(Beginning of Information provided)

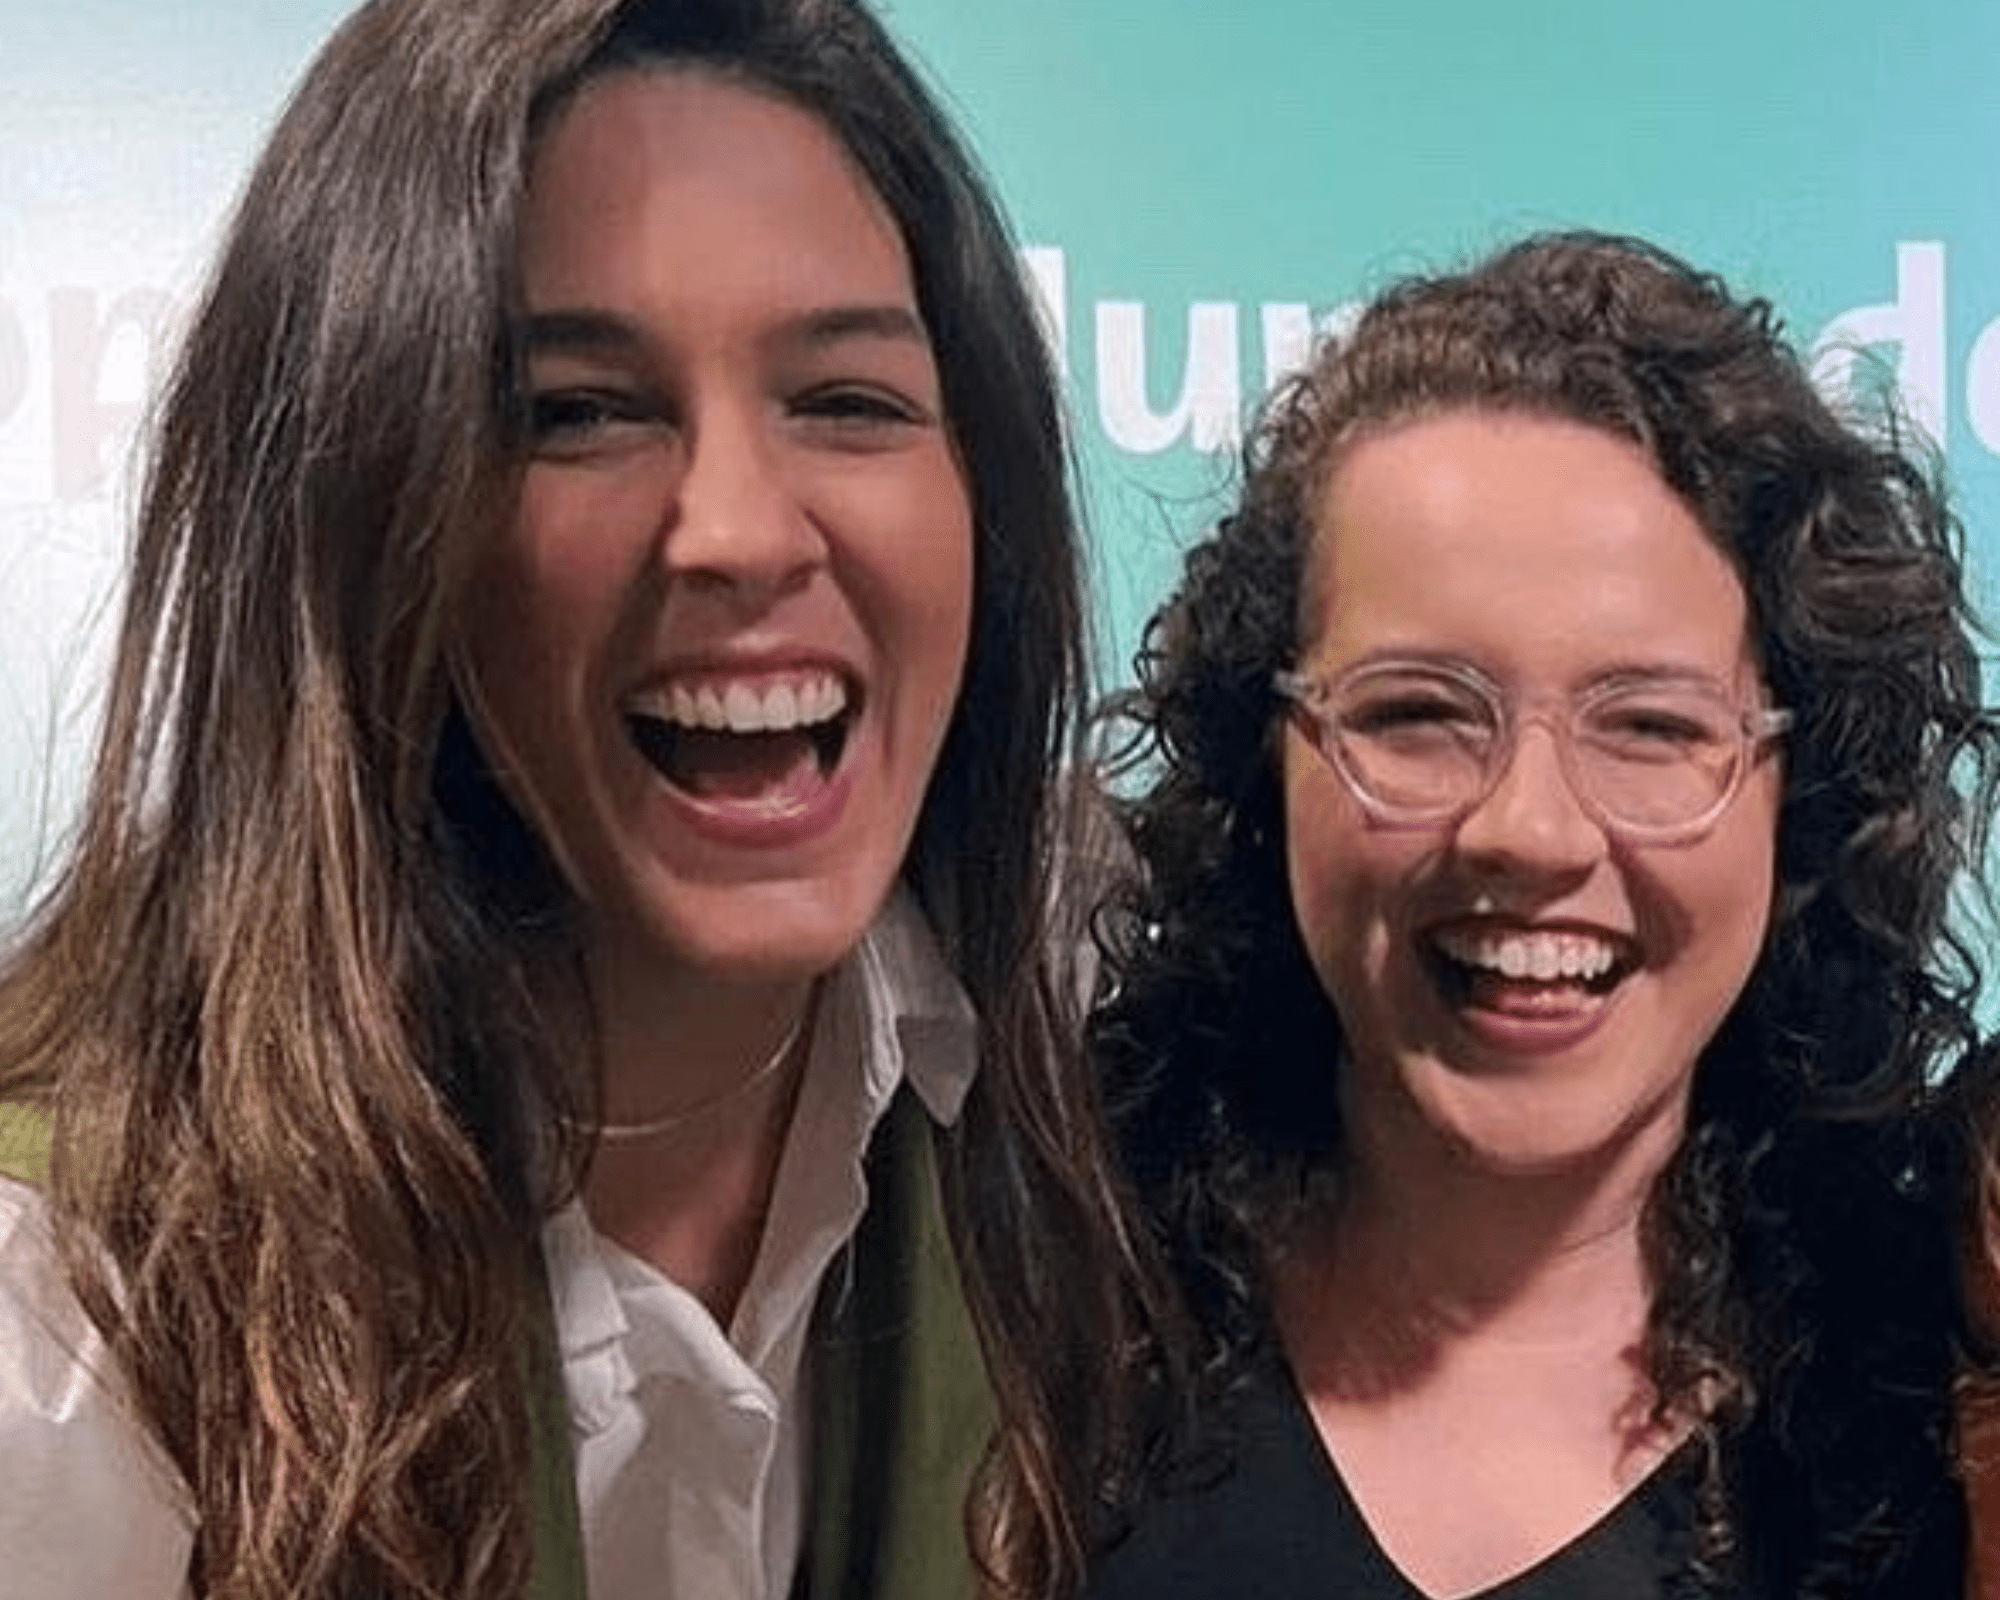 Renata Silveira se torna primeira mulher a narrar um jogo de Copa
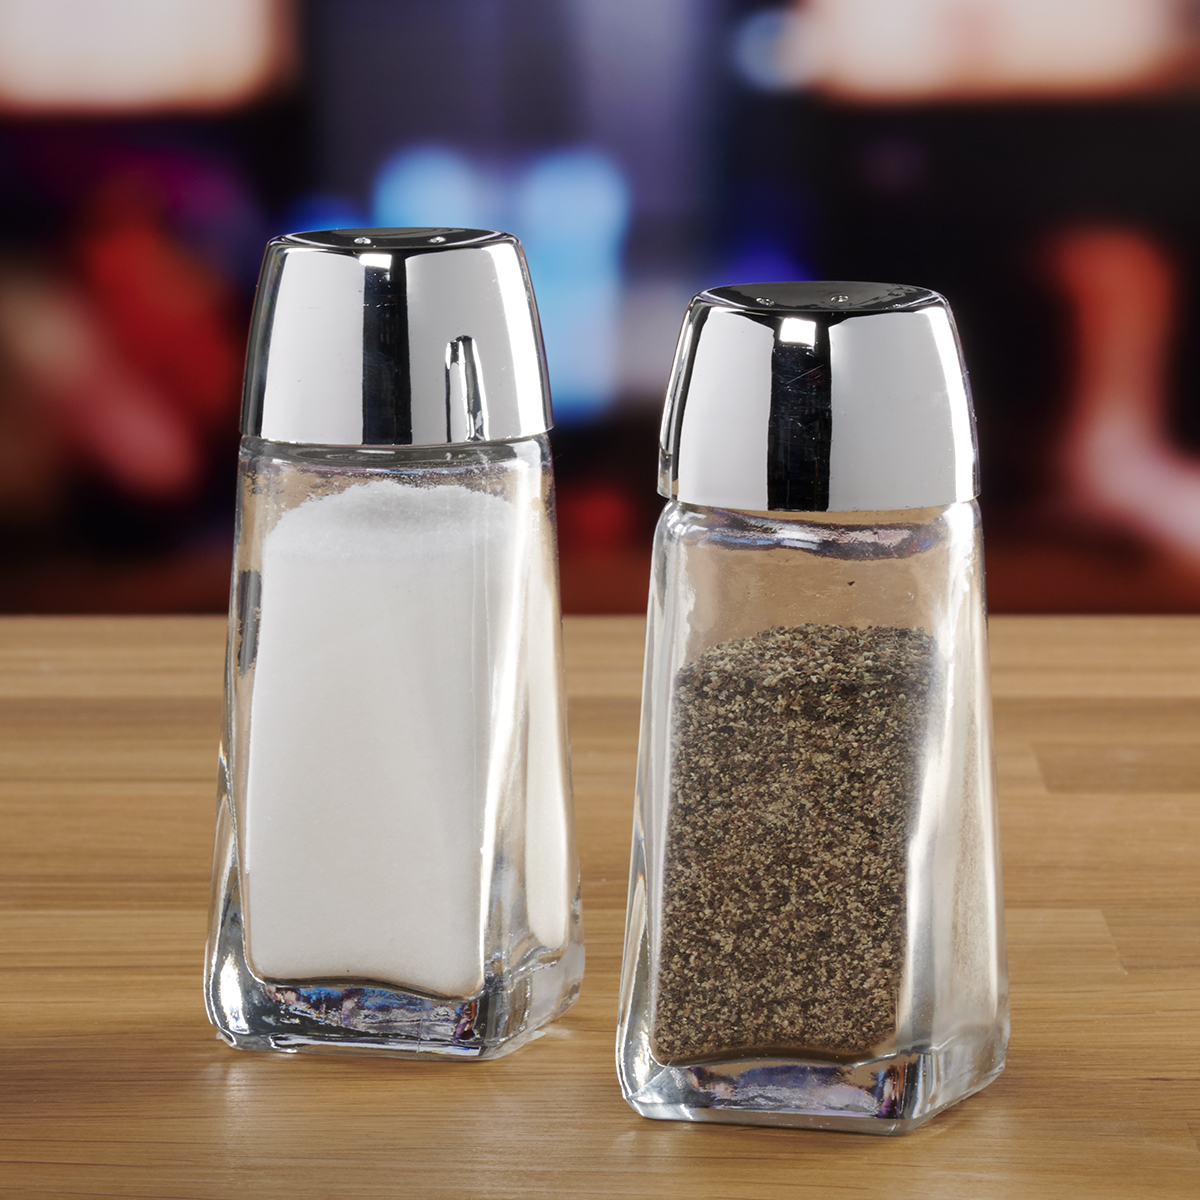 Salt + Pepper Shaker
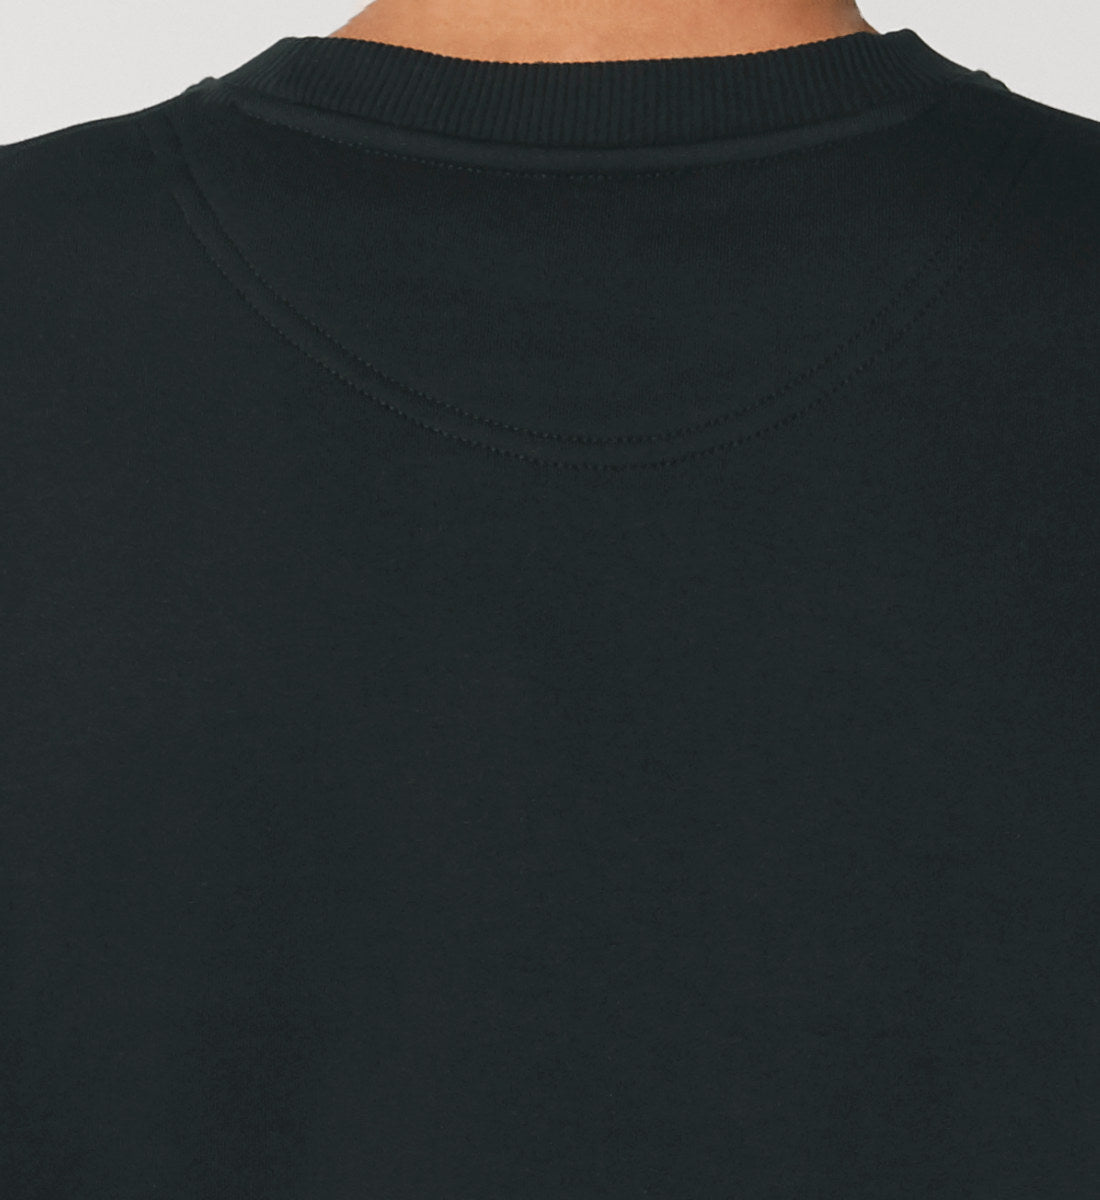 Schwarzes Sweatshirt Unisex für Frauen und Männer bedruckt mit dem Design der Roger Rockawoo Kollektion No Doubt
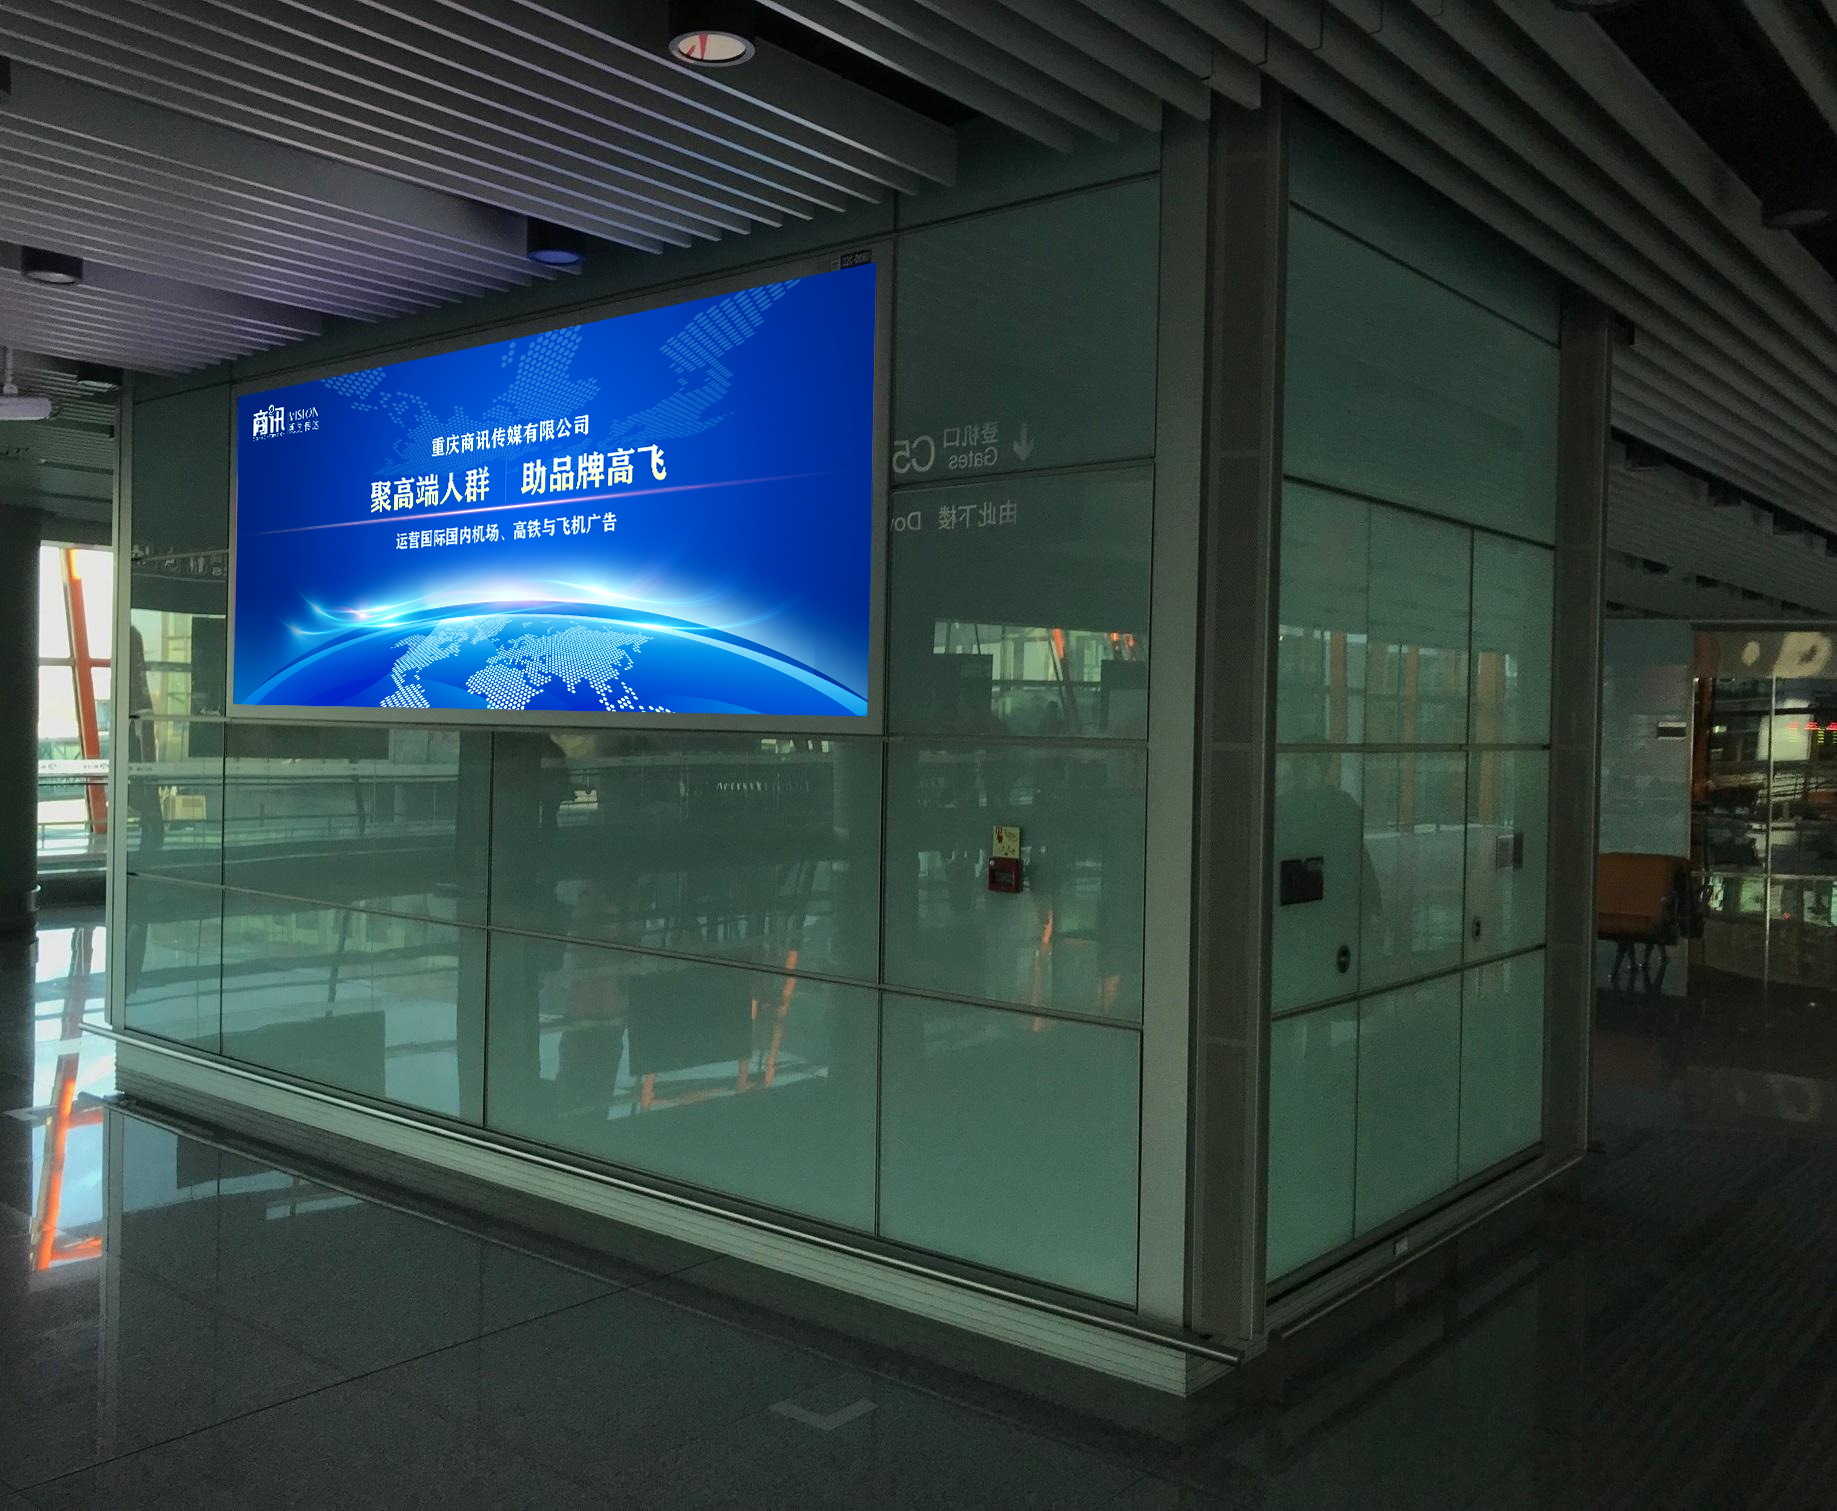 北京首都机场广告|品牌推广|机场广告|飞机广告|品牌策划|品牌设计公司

(End of Information provided)

How to complete this task: Only an exact copy of the lines from the one with "Salt + Pepper Shaker" through the last line of the listing should be given; pictures must not be included.

Response to the exercise:
 Salt + Pepper Shaker
 Schwarzes Sweatshirt Unisex für Frauen und Männer bedruckt mit dem Design der Roger Rockawoo Kollektion No Doubt
 北京首都机场广告|品牌推广|机场广告|飞机广告|品牌策划|品牌设计公司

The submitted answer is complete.